However, Mary faced difficulties with her new compatriots when Archbishop of Tuam Florence Conry arranged for her to be married to Shane O'Neill, 3rd Earl of Tyrone, an Irish nobleman who had become a decorated officer in the Spanish army. The relations between the O'Neills and the O'Donnells had become strained after the war's end, and Conry hoped a unifying marriage would allay hostilities between the noble families. Hugh Albert had hoped to unite the families in preparation for a planned invasion of Ireland in 1627.

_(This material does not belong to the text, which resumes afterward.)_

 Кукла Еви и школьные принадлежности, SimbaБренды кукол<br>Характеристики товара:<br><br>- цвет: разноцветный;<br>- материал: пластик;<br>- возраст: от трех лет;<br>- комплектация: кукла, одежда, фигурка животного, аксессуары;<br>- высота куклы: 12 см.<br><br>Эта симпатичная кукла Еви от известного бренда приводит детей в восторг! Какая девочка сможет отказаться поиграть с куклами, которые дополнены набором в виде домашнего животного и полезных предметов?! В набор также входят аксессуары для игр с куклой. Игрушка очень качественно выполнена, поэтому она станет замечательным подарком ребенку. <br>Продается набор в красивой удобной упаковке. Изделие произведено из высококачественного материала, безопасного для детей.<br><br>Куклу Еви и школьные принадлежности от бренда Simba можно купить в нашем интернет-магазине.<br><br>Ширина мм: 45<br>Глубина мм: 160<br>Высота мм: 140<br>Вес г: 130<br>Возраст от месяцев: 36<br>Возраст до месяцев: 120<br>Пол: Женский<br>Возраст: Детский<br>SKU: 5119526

Mary, who had kept her relationship with O'Gallagher secret, anticipated conflict if she rejected the marriage. She secretly wrote to Lord Conway, English Secretary of State, defending her flight from authorities, and proposing that with the right guarantee, she could return to England, and with her, bring Shane into the King's service. This plan came to naught. Historian Jerrold Casway believes that this saga exposes "the hopelessness of her position".

Around 1629, Mary became pregnant, and her relationship with O'Gallagher was exposed. The disgraced couple once again fled, this time from Brussels to Italy. They arrived in Rome in 1630, where she was greeted with admiration as the daughter of the late 1st Earl of Tyrconnell.

== Italy ==
Mary and O'Gallagher married in Rome. The couple unsuccessfully petitioned the pope for financial help. They later settled in Genoa, where Mary gave birth to a boy.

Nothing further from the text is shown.